→ **EXERCISE GOAL**
Leave out the pictures and output exactly the lines below from the one with "Buy Salvatore Ferragamo Leather belt online" down to the one with "1890 JUGENDSTIL ADVERTISING", both of them included.

→ **PROVIDED ENTRIES**
========
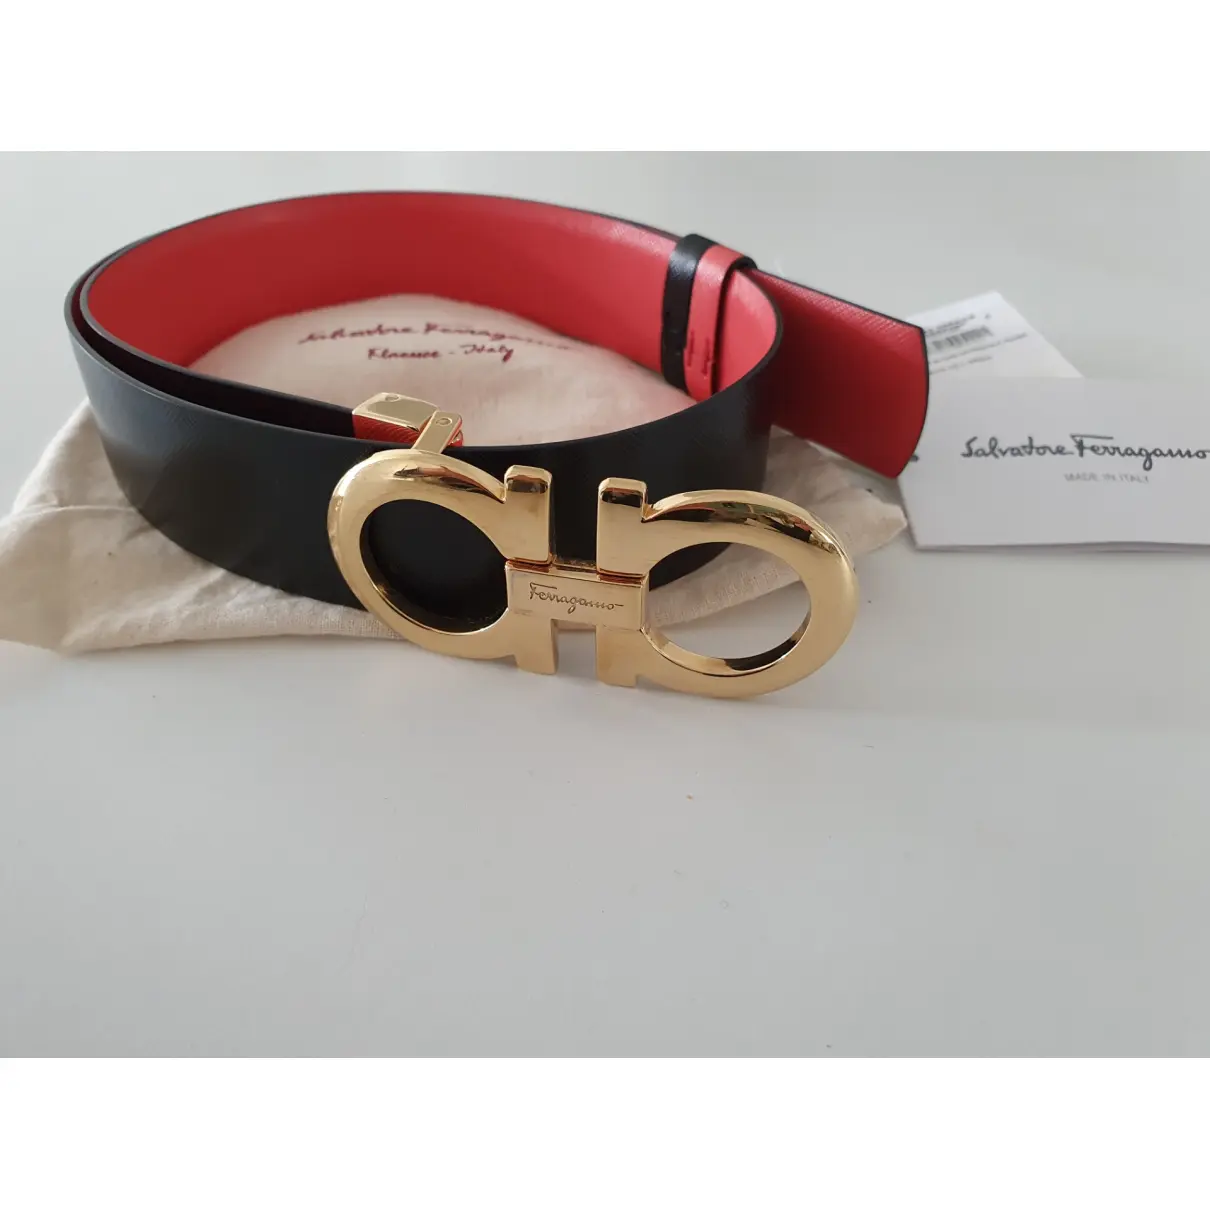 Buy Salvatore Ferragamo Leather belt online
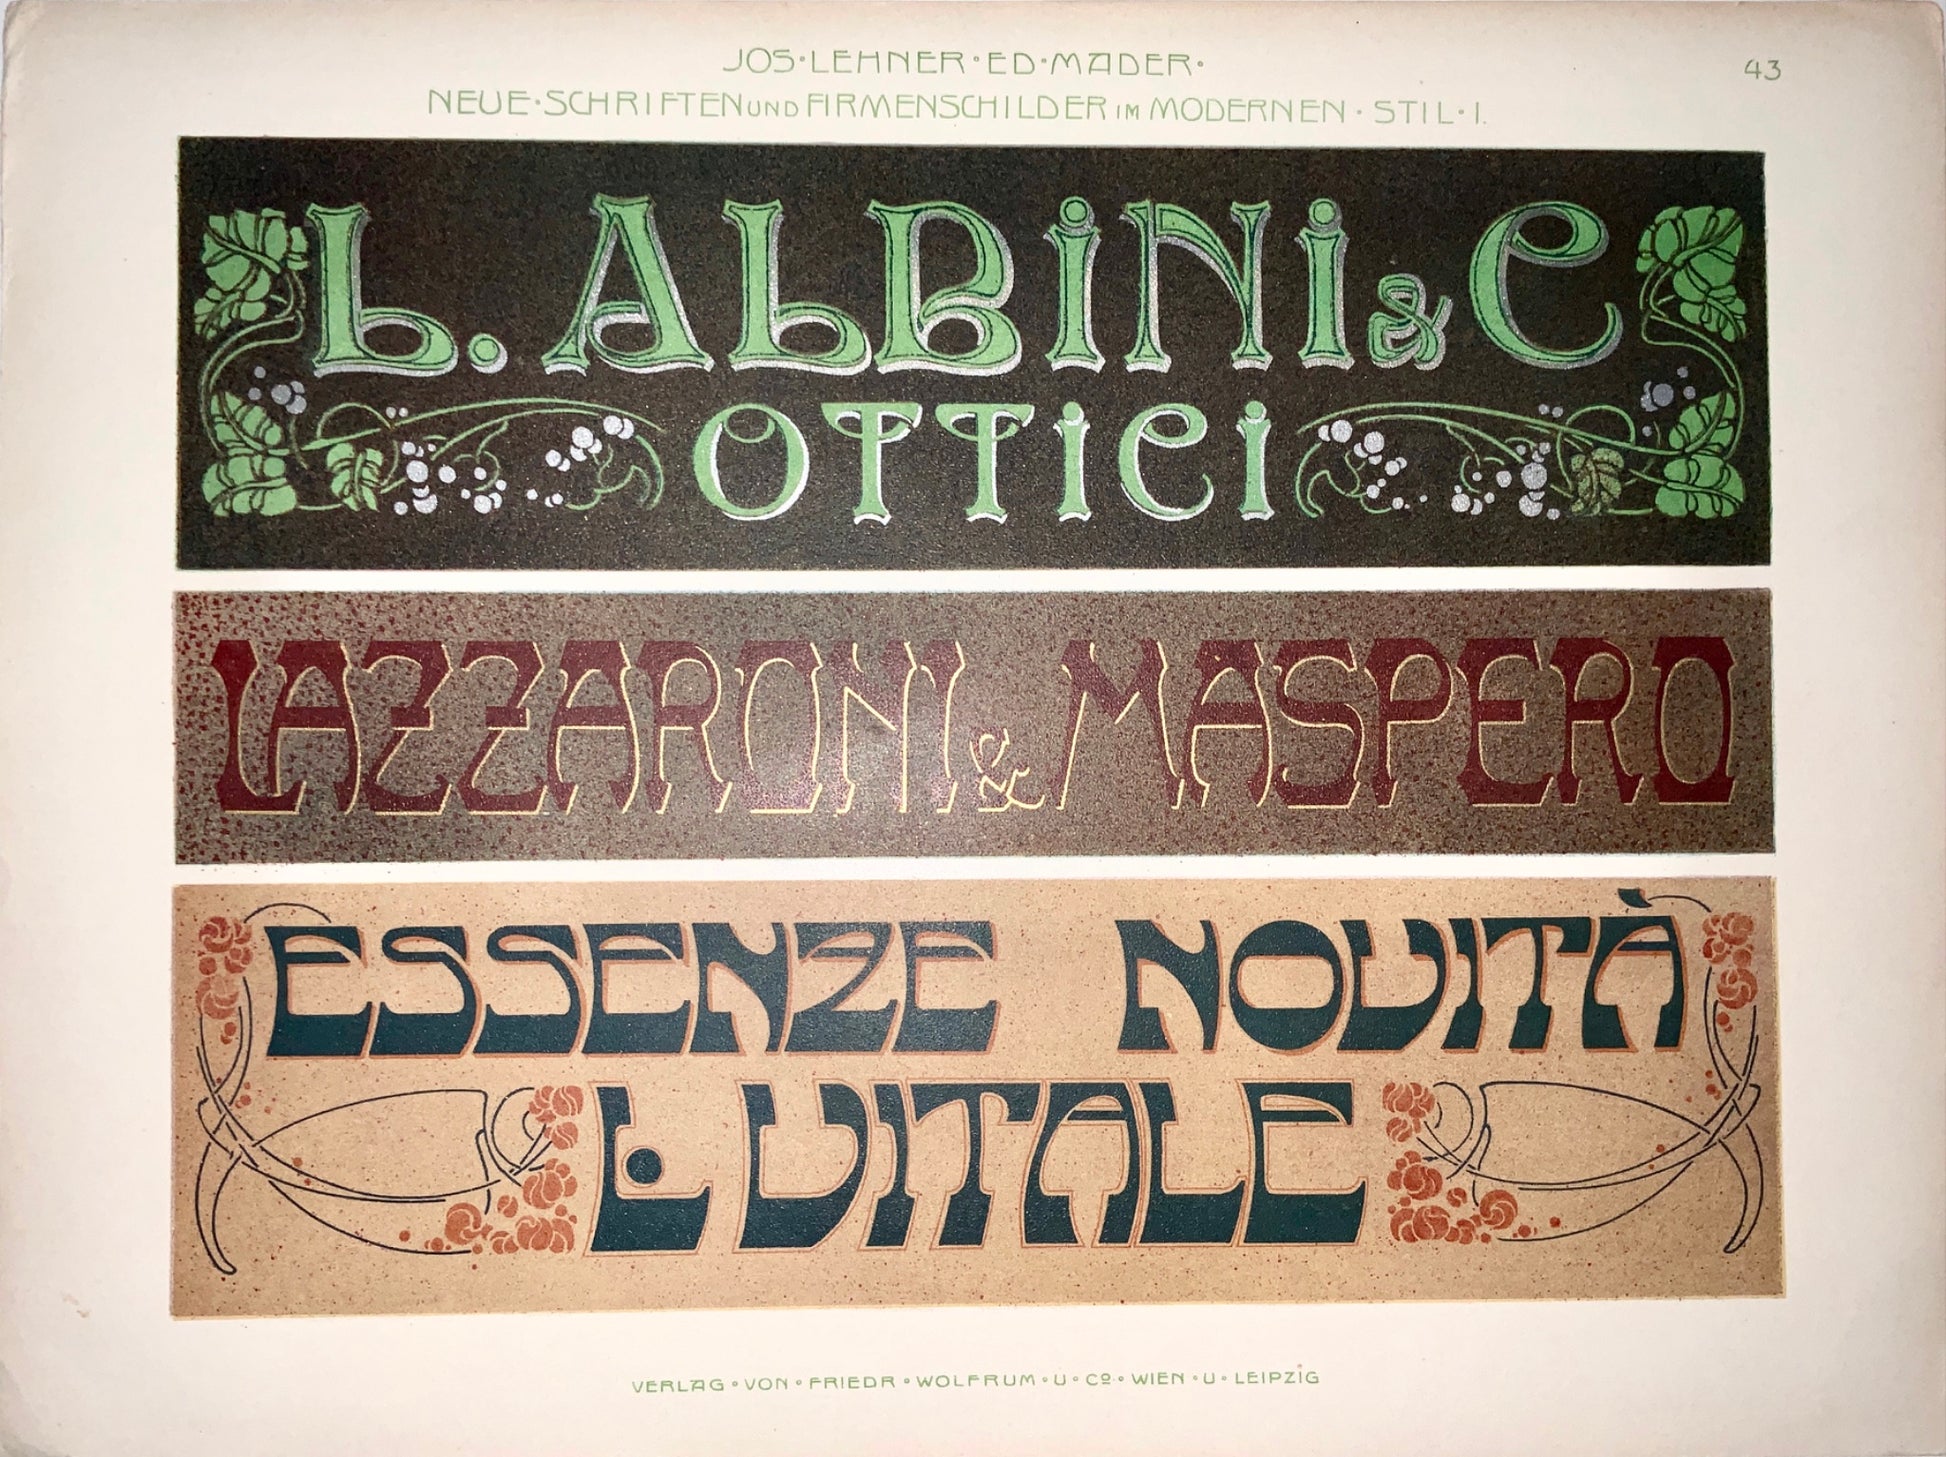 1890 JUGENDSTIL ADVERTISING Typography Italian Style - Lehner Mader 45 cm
========
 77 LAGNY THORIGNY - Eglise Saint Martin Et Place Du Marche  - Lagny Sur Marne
========
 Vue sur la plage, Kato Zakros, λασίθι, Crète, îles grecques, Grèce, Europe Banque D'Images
========
→ **RESPONSE TO THE EXERCISE**
 Buy Salvatore Ferragamo Leather belt online
 1890 JUGENDSTIL ADVERTISING Typography Italian Style - Lehner Mader 45 cm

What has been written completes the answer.